Don't ask!  We could tell you, but then we'd have to kill you...  

Cheers,
Duey


----------



## Armymatters (19 Feb 2006)

Slim said:
			
		

> They're sending the black jets up the river?! How come?!



Easy answer: they want more money for F-22's and JSF's. Retire the entire fleet of F-117's and get what, like 2 F-22's in return?  :


----------



## TCBF (19 Feb 2006)

Maybe they could souvenir them to us?

Tom


----------



## Good2Golf (19 Feb 2006)

As strange as it sounds, the F-117 is old technology...remember these things were operational before the U.S were taken hostage in Iran!  Put it another way...the prototype was flying only 12 years after the Sea King entered service with the RCN!

There are other systems out there that are more effective.  Some of them, I'm sure, we'll only find out about in 2020+.....  ;D

Cheers,
Duey


----------



## Scoobie Newbie (19 Feb 2006)

Speaking of F-22's, 2 flew over Daytona Speedway today during the anthem.


----------



## zipperhead_cop (19 Feb 2006)

They have to retire them in order to keep ramping up the technology so eventually they can just openly fly the UFOs they have stored at Roswell and have reverse engineered.  Oh, no!  I think I said too much!  Someone is at my door.......remember meeeeeee.......


----------



## TCBF (20 Feb 2006)

They wouldn't store the UFOs at Roswell. Wright - Patterson, more likely. 

 ;D

On Roswell:

"This was one of the largest SAC bomber bases in the country, known as Walker Air Force Base until 1967, when it was shut down. It is now a civilain airport known as the Roswell Industrial Air Center. During WWII, it was called Roswell Army Airfield, and in 1947 it became fomous for its involvement in the notorious 1947 Roswell UFO incident. Though the UFO actually crashed on the nearby Brazel Ranch, representatives from the military based here at the time went out to examine the wreckage at the ranch, and brought it back to this facility. There is little doubt that something unusual did crash. The Air Force has recently released documents "proving" it was an experimental balloon-suspended nuclear test monitoring device. UFOlogists say these documents are just another layer in the cover-up. Several outlying airfields were associated with Roswell AAF, and as Maxwell AFB, several missile silos were constructed around the base. Roswell was also the location of rocket pioneer Robert Goddard's lab and test site in the 1930's."

"In 1979 Jesse Marcel was interviewed regarding his role in the recovery of the wreckage.

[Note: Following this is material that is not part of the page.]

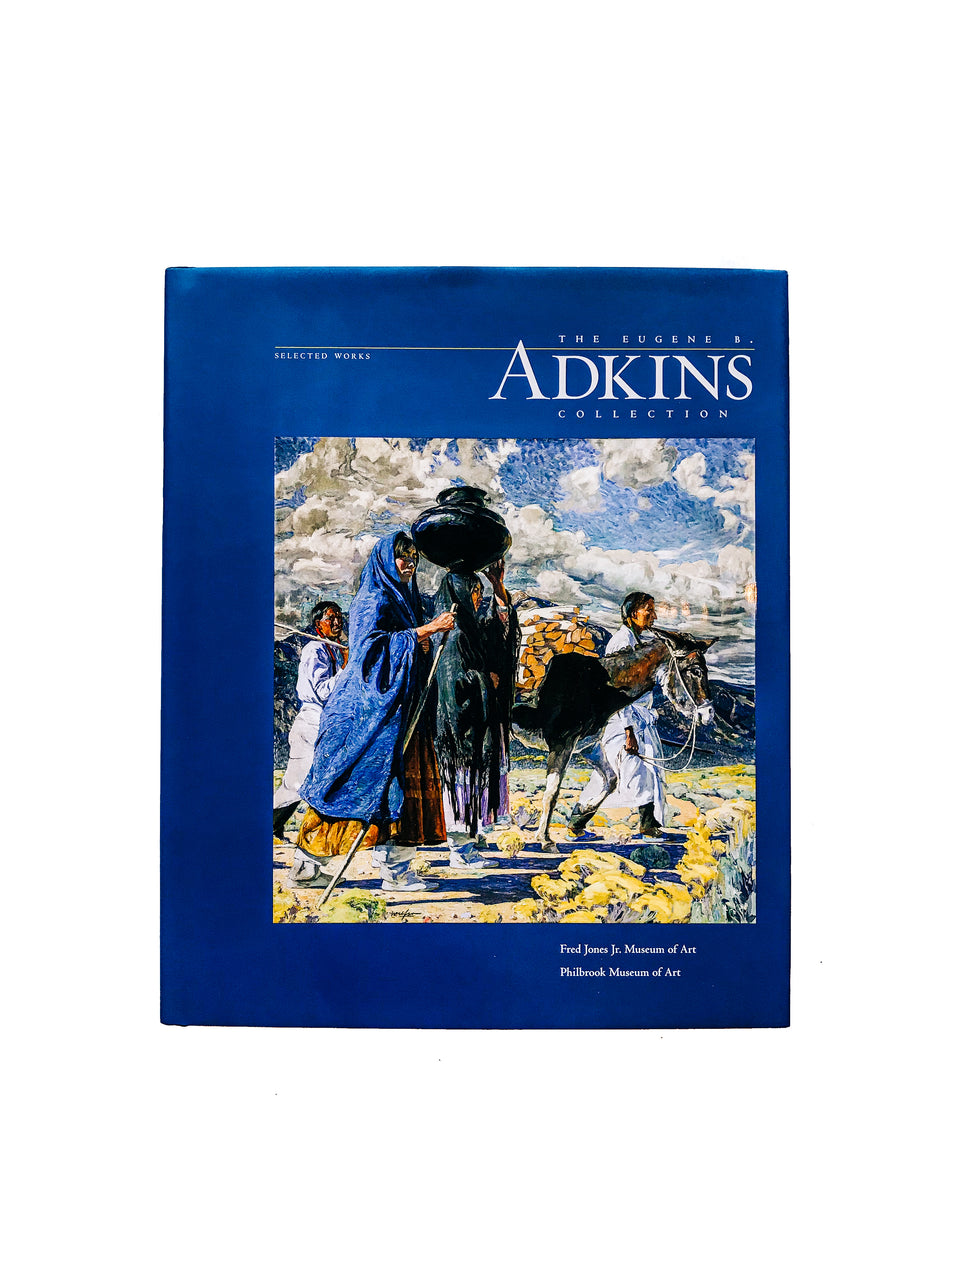 The Adkins Collection Catalogue

Jesse Marcel stated, "... it would not burn ... that stuff weighs nothing, it's so thin, it isn't any thicker than the tinfoil in a pack of cigarettes. It wouldn't bend. We even tried making a dent in it with a 16 pound sledge hammer. And there was still no dent in it." Officers who had been stationed at Wright Field in Dayton, Ohio (where the wreckage was taken) at the time of the incident have supported Jesse Marcel's claims. 

Dr. Jesse Marcel, Jr., eleven years old at the time of the incident, accompanied his Dad during the retrieval efforts. Dr. Jesse Marcel Jr. has produced detailed drawings of hieroglyphic like symbols that he saw on the surface of some of the wreckage. Dr Marcel testifies regularly on his belief that a UFO of some type crashed in Roswell. "

Roswell Field was where the 509th Composite Group trained for the Atom Bomb missions.  Later, as Walker AFB it was a B-29 (1951-52),  B-36 (1952-57), Atlas ICBM (1962-67),  and  a B-52E (1957-67) base.

We need an Alien/Dreamland/Black Projects thread!

Tom


----------



## chanman (20 Feb 2006)

Someone on another forum speculated that the odd shape of the aircraft might cause unusual structural stress on the airframe.

Besides, not that many were built - 50-something?

Have pics of 2 from the Abbotsford airshow, guards didn't like people walking behind or taking pictures from behind the airplanes though  :-\


----------



## Scoobie Newbie (20 Feb 2006)

maybe they only made 50 do to the cost


----------



## chanman (20 Feb 2006)

I find it a bit hard to believe they'd just stash it at the boneyard.  I kinda expected 'retirement' to involve flying them back to Lockheed-Martin for removal of all the RAM and fiddly bits before being scrapped then and there - minus the odd piece for museum collections, of course.


----------